Ce que celui-ci voyant, il répondit :
– Ta femme, tu la trouveras toujours assez à temps, quand tu voudras quérir douleur nouvelle.
– Thyl, dit Lamme, me vas-tu laisser ainsi seul en mon chariot pour cette fillette ? Tu ne me réponds point et songes à la forêt où les Sept ne sont point, ni ma femme non plus. Cherchons-la plutôt sur ce chemin empierré où si bien roulent les chariots.
– Lamme, dit Ulenspiegel, tu as une pleine gibecière dans le chariot, donc tu ne mourras pas de faim si tu vas sans moi d’ici à Koelkerke, où je te rejoindrai. Tu y dois être seul, car là tu sauras vers quel point cardinal tu te dois diriger pour retrouver ta femme. Entends et écoute. Tu vas aller de ce pas, avec ton chariot, à trois lieues d’ici à Koelkerke, la fraîche église, ainsi nommée parce qu’elle est battue des quatre vents à la fois, comme bien d’autres. Sur le clocher est une girouette qui a la figure d’un coq, tournant à tous vents sur ses gonds rouillés. C’est le grincement de ceux-ci qui indique aux pauvres hommes qui ont perdu leurs amies la route qu’il leur faut suivre pour les retrouver. Mais il faut auparavant frapper sept fois chaque pan de mur avec une baguette de coudrier. Si les gonds crient quand le vent souffle du septentrion, c’est de ce côté qu’il faut aller, mais prudemment, car vent du septentrion c’est vent de guerre ; si du sud, vas-y allègrement : c’est vent d’amour ; si de l’orient, cours le grand trotton : c’est gaieté et lumière ; si de l’occident va doucement : c’est vent de pluie et de larmes. Va, Lamme, va à Koelkerke, et m’y attends.
– J’y vais, dit Lamme.
Et il partit dans le chariot.
Tandis que Lamme roulait vers Koelkerke, le vent, qui était fort et tiède, chassait dans le ciel comme un troupeau de moutons, les gris nuages vaquant par troupes ; les arbres grondaient comme les flots d’une mer houleuse. Ulenspiegel et Nele étaient depuis longtemps seuls en la forêt. Ulenspiegel eut faim, et Nele cherchait les friandes racines et ne trouvait que les baisers que lui donnait son ami et des glands.

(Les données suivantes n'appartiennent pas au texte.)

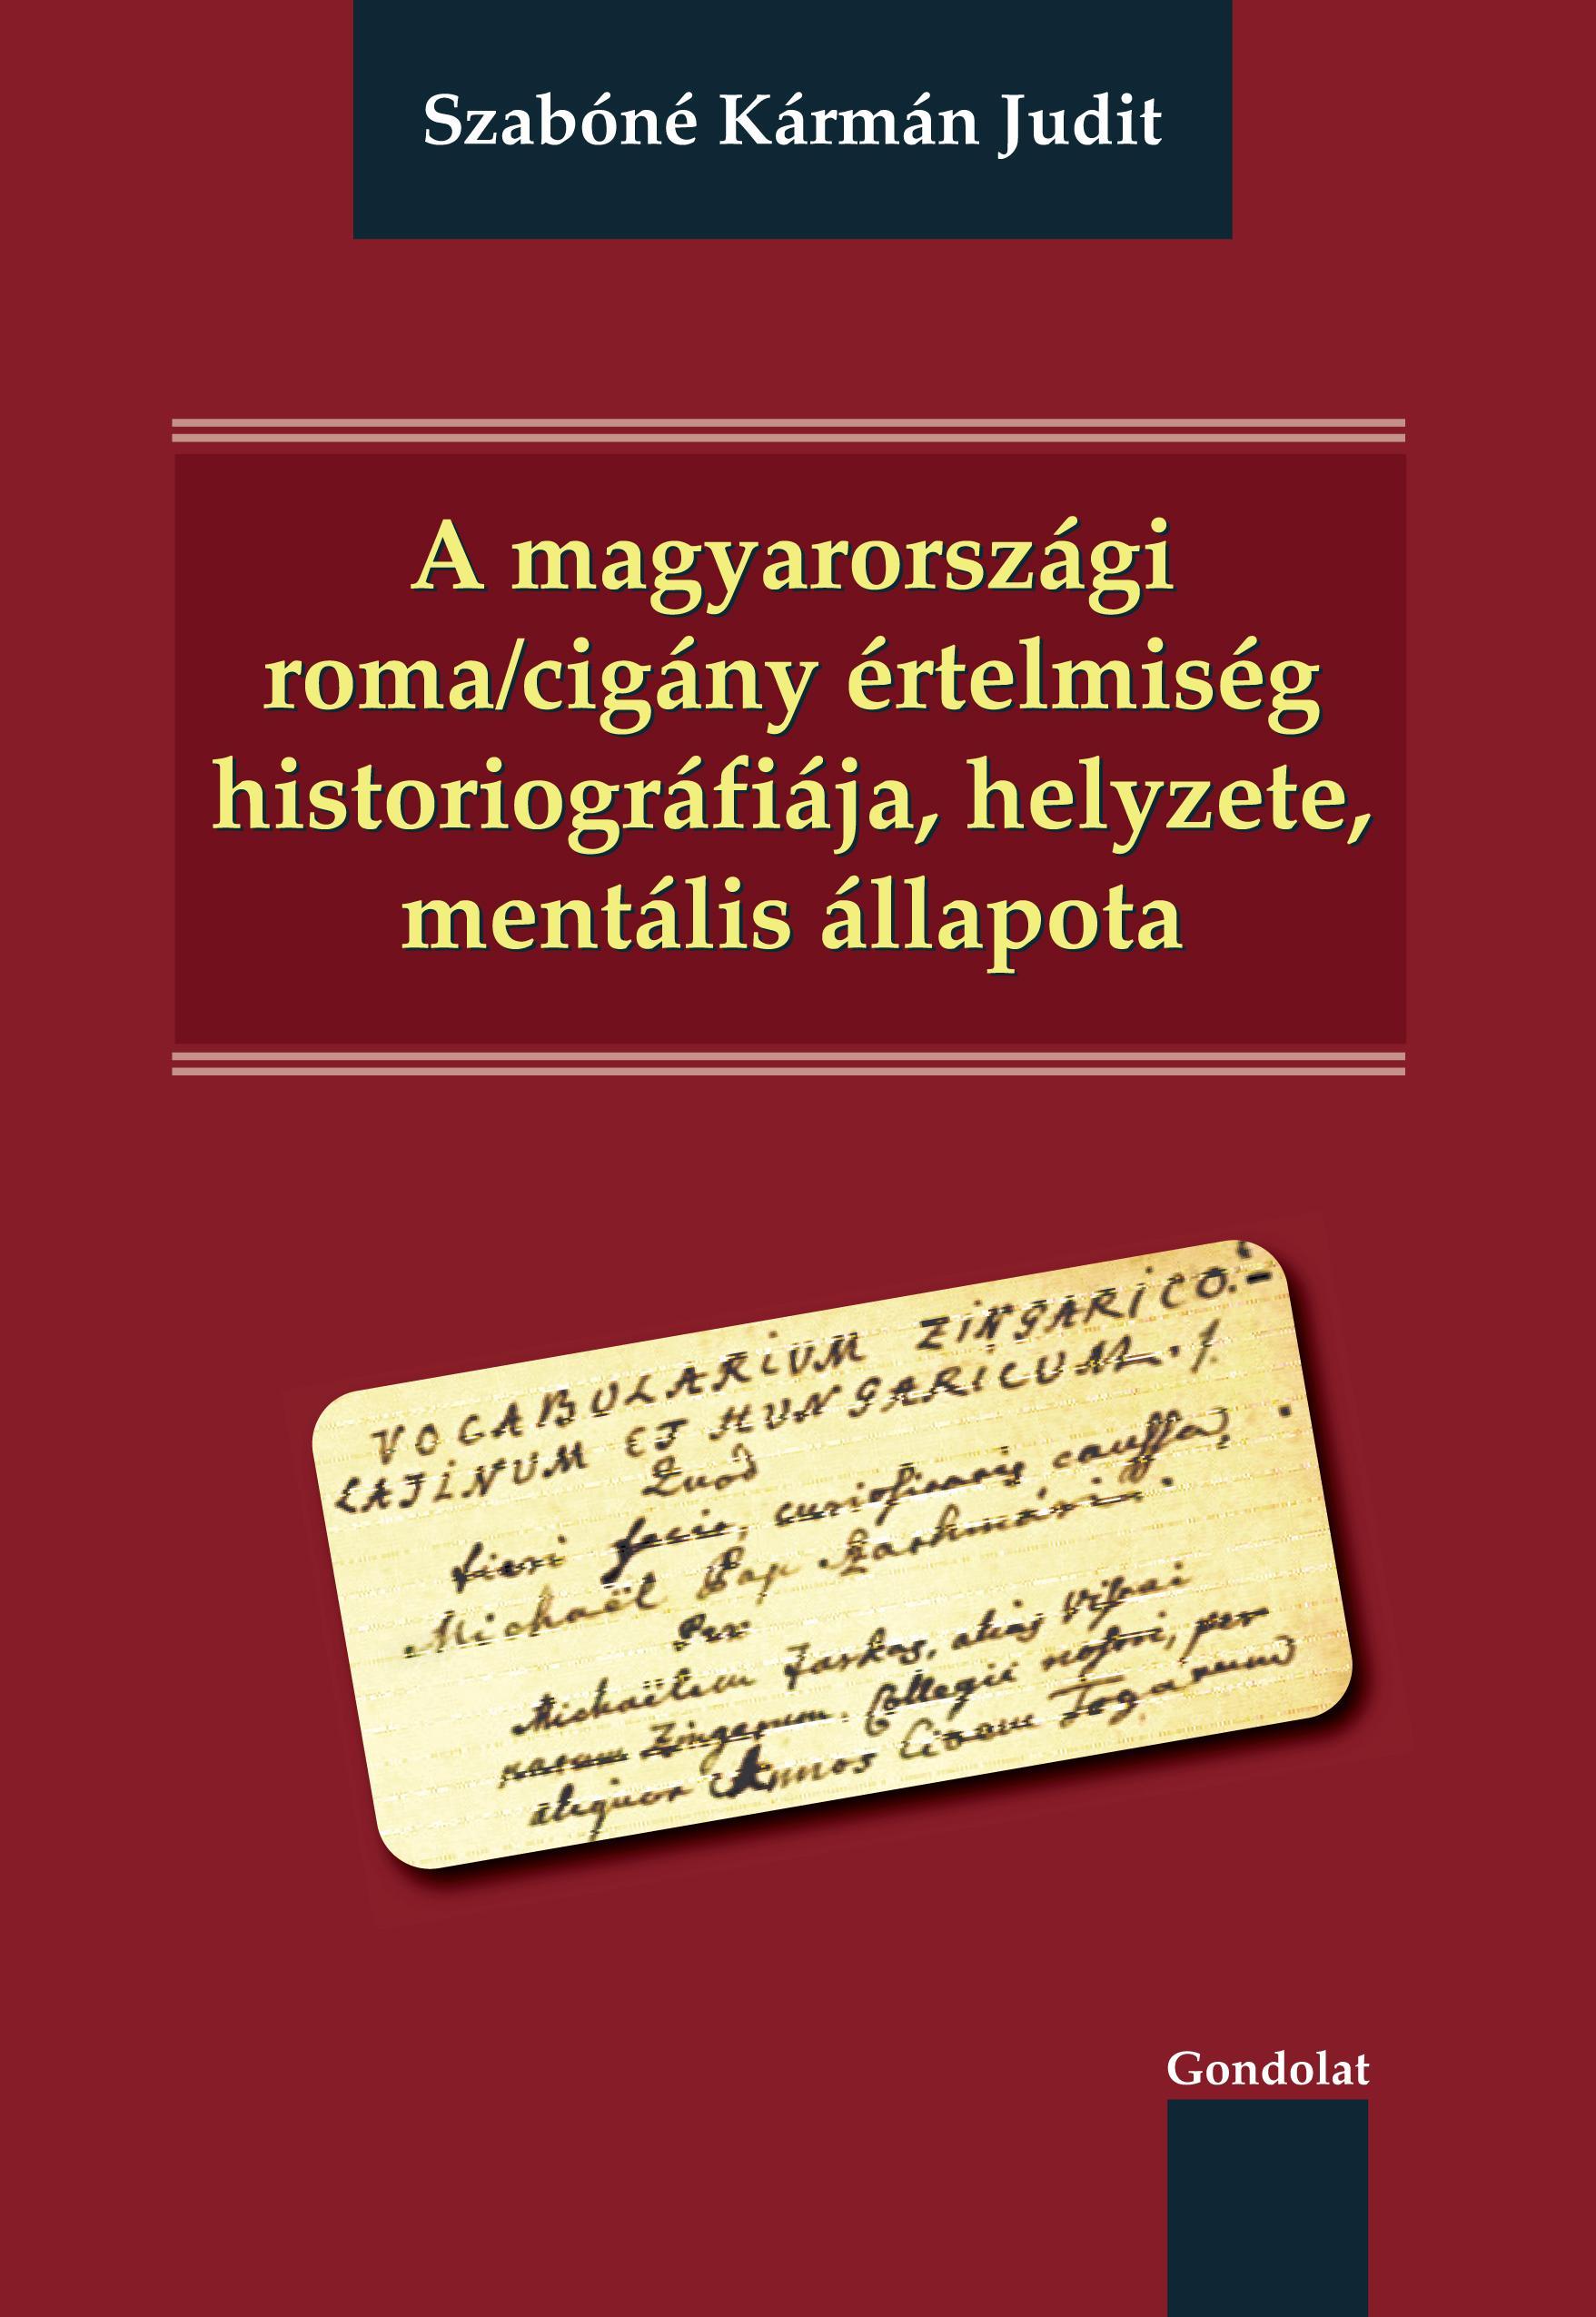 A MAGYARORSZÁGI ROMA/CIGÁNY ÉRTELMISÉG HISTORIOGRÁFIÁJA, HELYZETE, MENTÁLIS ÁLLA

Ulenspiegel, ayant posé des lacets, sifflait pour appeler les oiseaux, afin de faire cuire ceux qui viendraient. Un rossignol se posa sur les feuilles près de Nele ; elle ne le prit point, voulant le laisser chanter ; une fauvette vint, et elle en eut pitié, parce qu’elle était si gentiment fière ; puis vint une alouette, mais Nele lui dit qu’elle ferait mieux d’aller dans les hauts cieux chanter un hymne à Nature que de venir maladroitement s’ébattre au-dessus de la pointe meurtrière d’une broche.
Et elle disait vrai, car dans l’entretemps Ulenspiegel avait allumé un feu clair et taillé une broche qui n’attendait que ses victimes.
Mais les oiseaux ne venaient plus, sinon quelques méchants corbeaux qui croassaient très haut au-dessus de leurs têtes.
Et ainsi Ulenspiegel ne mangea point.
Cependant Nele dut partir et s’en retourner vers Katheline. Et elle cheminait en pleurant, et Ulenspiegel la regardait de loin marcher.
Mais elle revint, et lui sautant au cou :
– Je m’en vais, dit-elle.
Puis elle fit quelques pas et revint encore, disant de nouveau :
– Je m’en vais.
Et ainsi vingt fois de suite et davantage.
Puis elle partit, et Ulenspiegel demeura seul. Il se mit alors en route pour aller retrouver Lamme.
Quand il vint près de lui, il le trouva assis au pied de la tour, ayant entre les jambes un grand pot de bruinbier et grignotant une baguette de coudrier bien mélancoliquement :
– Ulenspiegel, dit-il, je crois que tu ne m’as envoyé ici que pour rester seul avec la fillette, j’ai frappé, comme tu me l’as recommandé, sept fois de la baguette de coudrier sur chaque pan de la tour, et bien que le vent souffle comme un diable, les gonds n’ont point crié.
– C’est qu’on les aura huilés sans doute, répondit Ulenspiegel.
Puis ils s’en furent vers le duché de Brabant.